Among the records below, find the line with "4), joiden 60" and the line with "Bonbons au miel". Set down both and every line between, exactly and with no pictures, but nothing else.

AVAILABLE DATA:

-- Opening Marker --

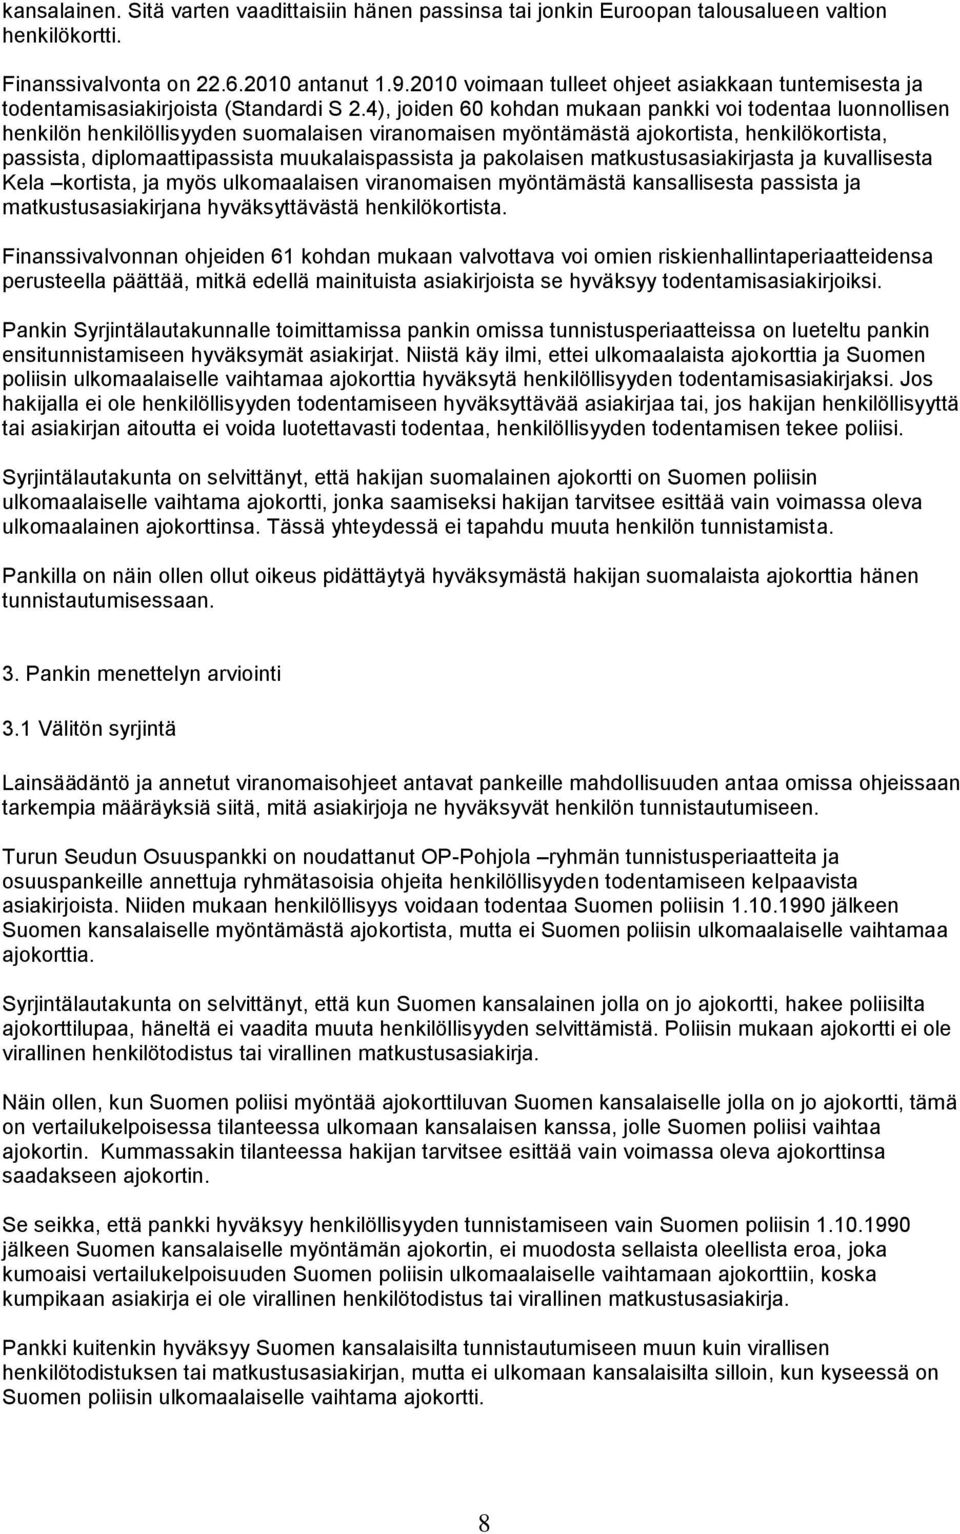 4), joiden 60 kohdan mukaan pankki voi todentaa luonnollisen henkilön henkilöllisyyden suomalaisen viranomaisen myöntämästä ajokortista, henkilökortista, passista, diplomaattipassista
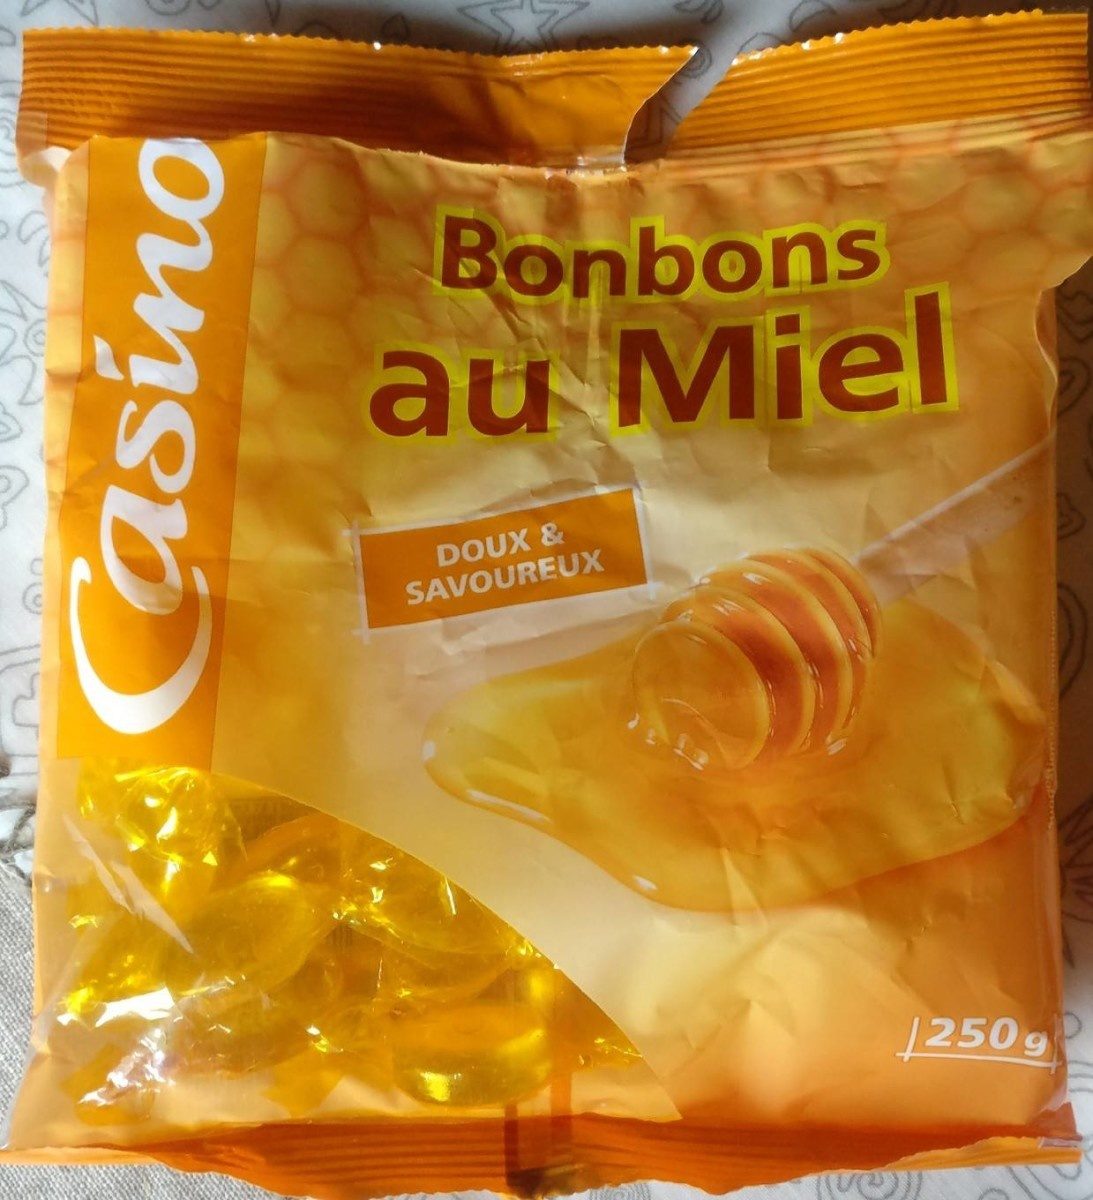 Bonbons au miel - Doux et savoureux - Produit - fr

-- Closing Marker --
-- Opening Marker --

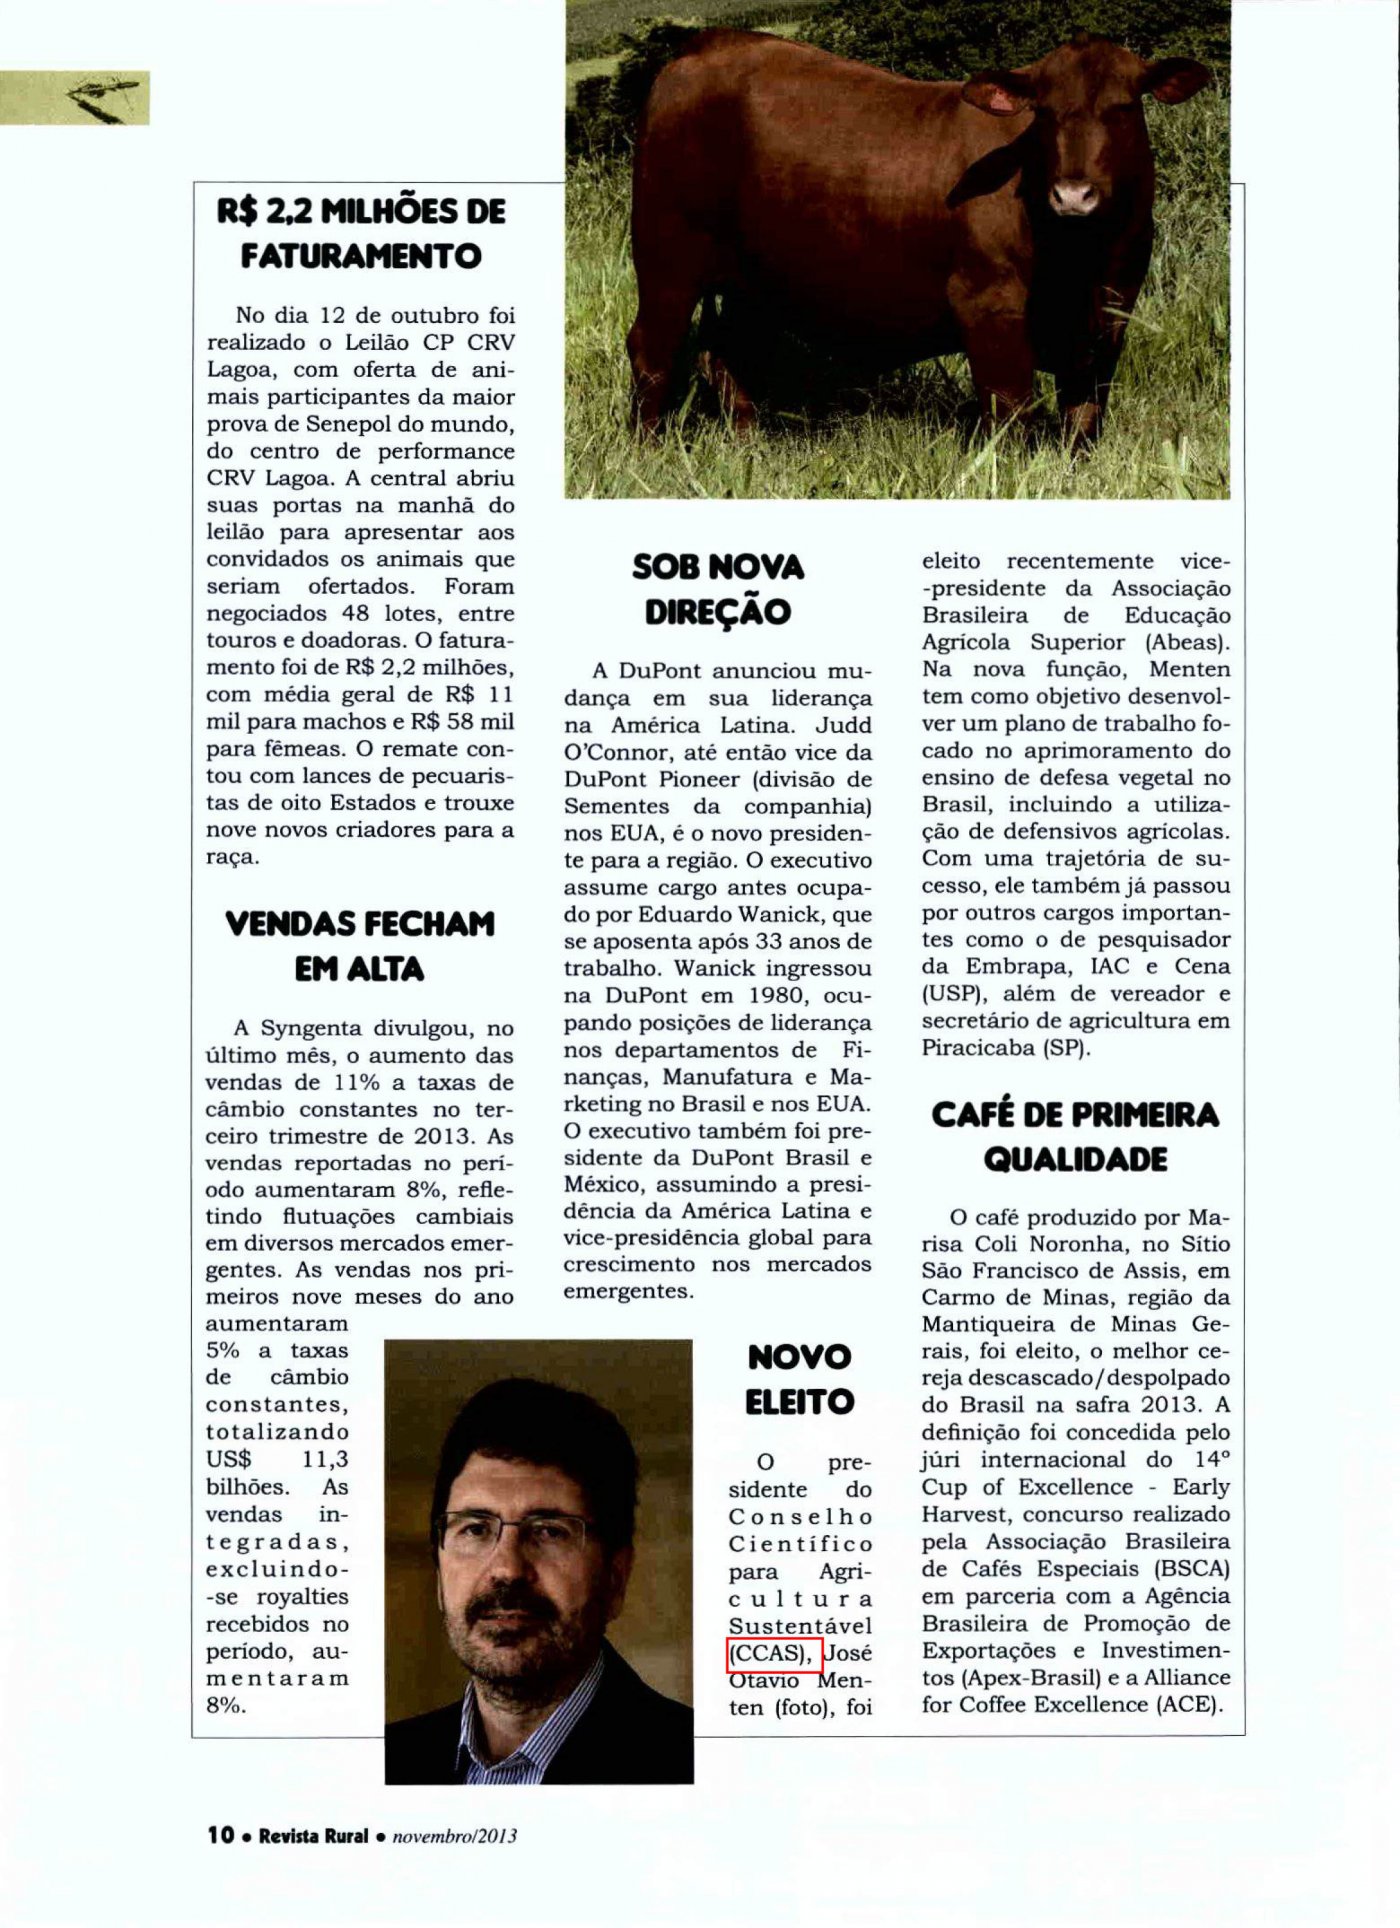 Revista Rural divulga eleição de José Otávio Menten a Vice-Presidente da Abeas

-- Closing Marker --

COMPLETED EXERCISE:
 4), joiden 60 kohdan mukaan pankki voi todentaa luonnollisen henkilön henkilöllisyyden suomalaisen viranomaisen myöntämästä ajokortista, henkilökortista, passista, diplomaattipassista
 Bonbons au miel - Doux et savoureux - Produit - fr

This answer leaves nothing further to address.